WHAT NEEDS TO BE DONE
Go through the listing below, and from the line containing "4th Annual San Leon Oyster Fest" through its last line, transcribe every line exactly, skipping pictures.

DATASET EXTRACT
----
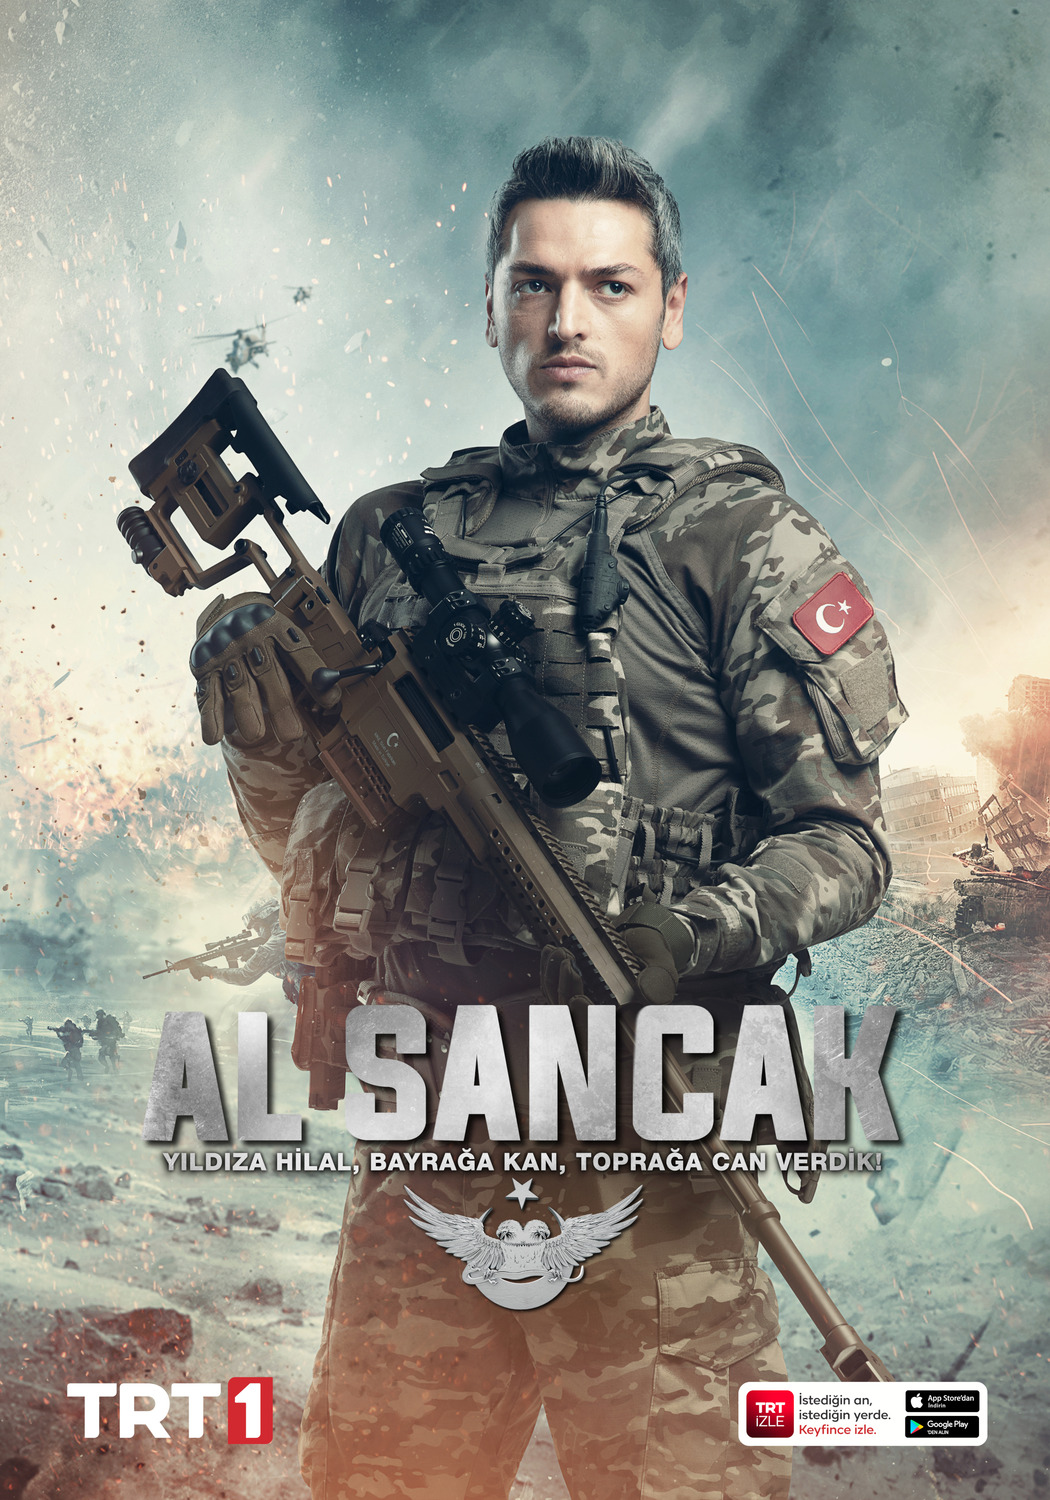 Extra Large TV Poster Image for Al Sancak (#10 of 20)
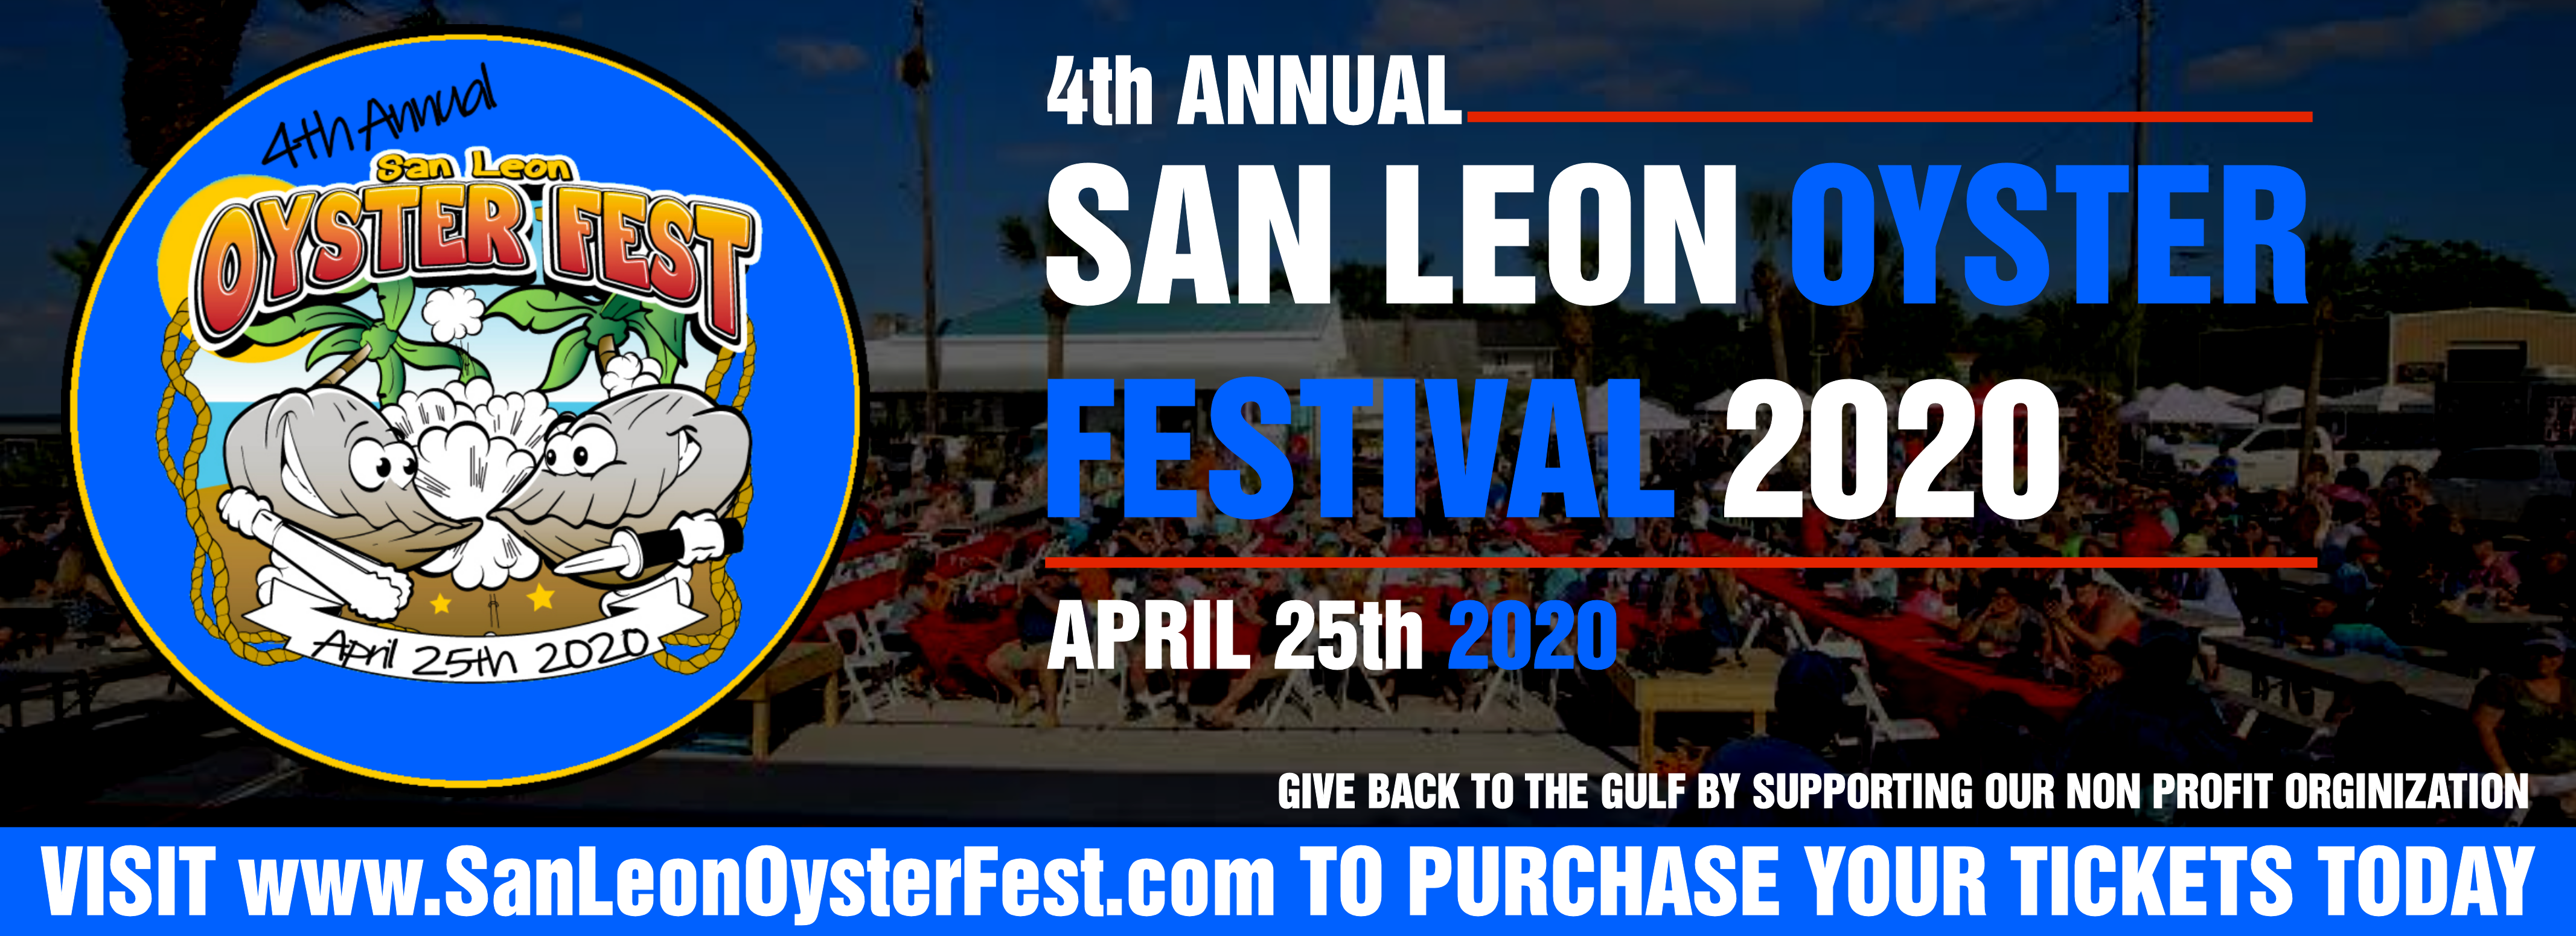 4th Annual San Leon Oyster Fest
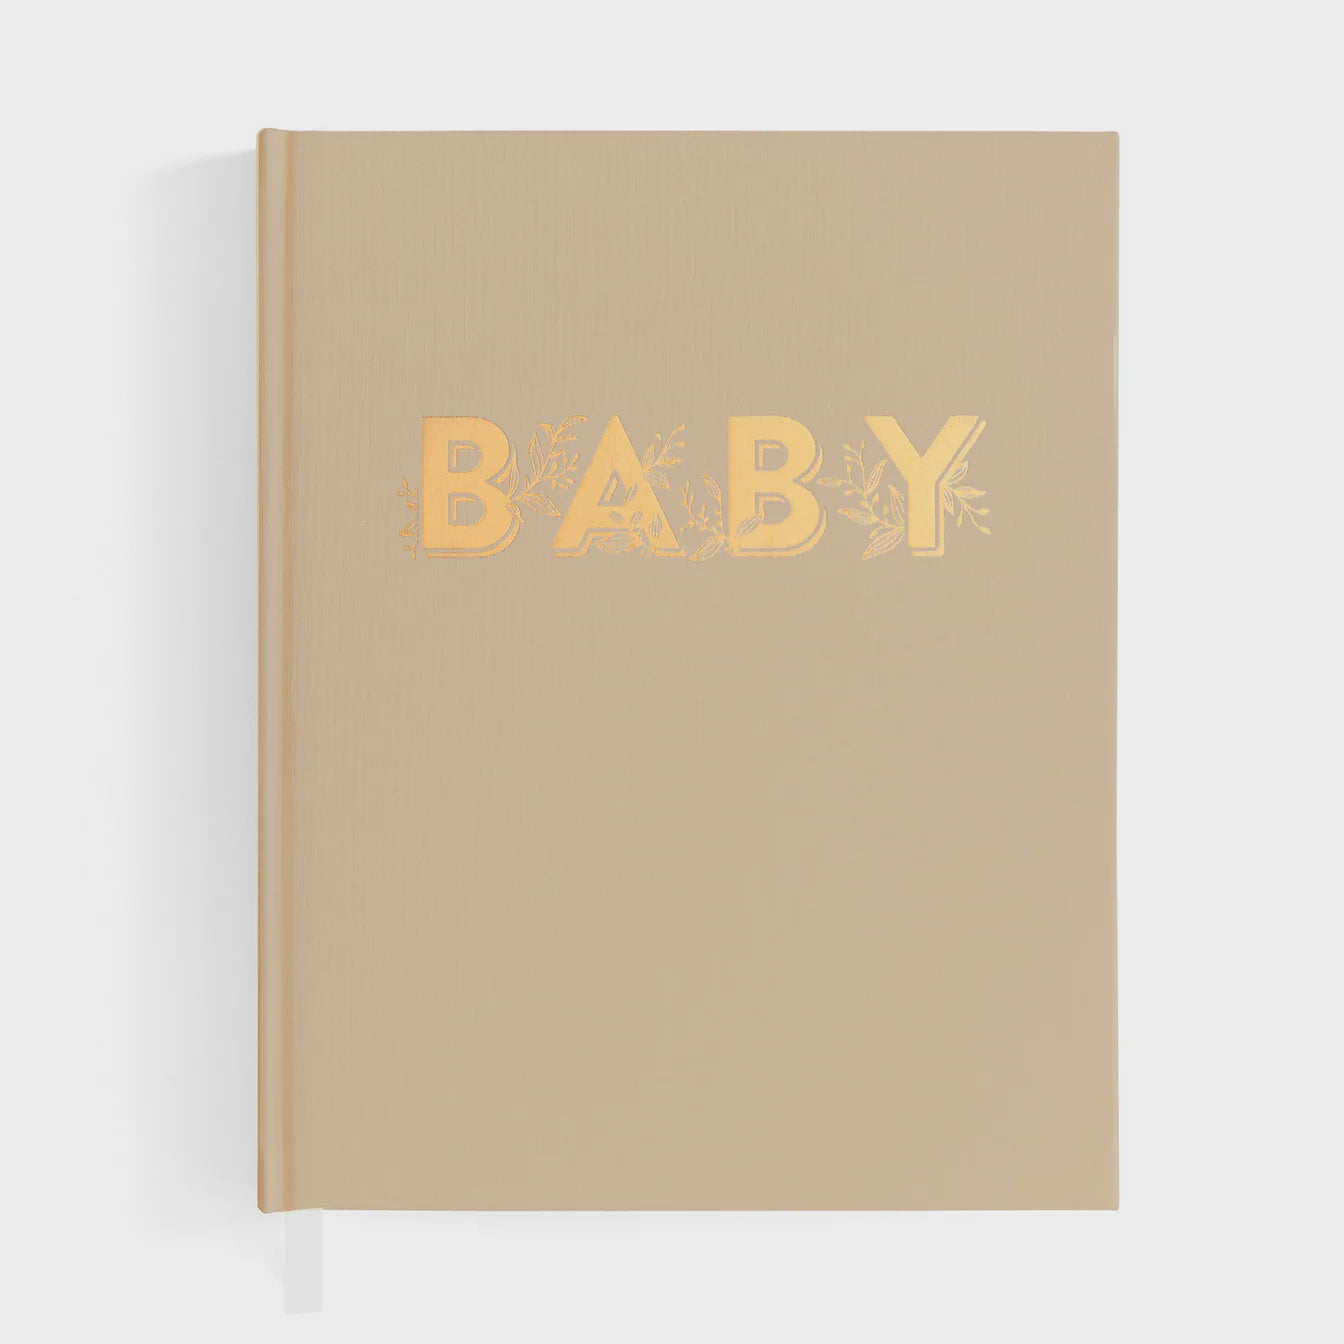 Baby Book - Biscuit
----
TASK OUTPUT
 4th Annual San Leon Oyster Fest
 Baby Book - Biscuit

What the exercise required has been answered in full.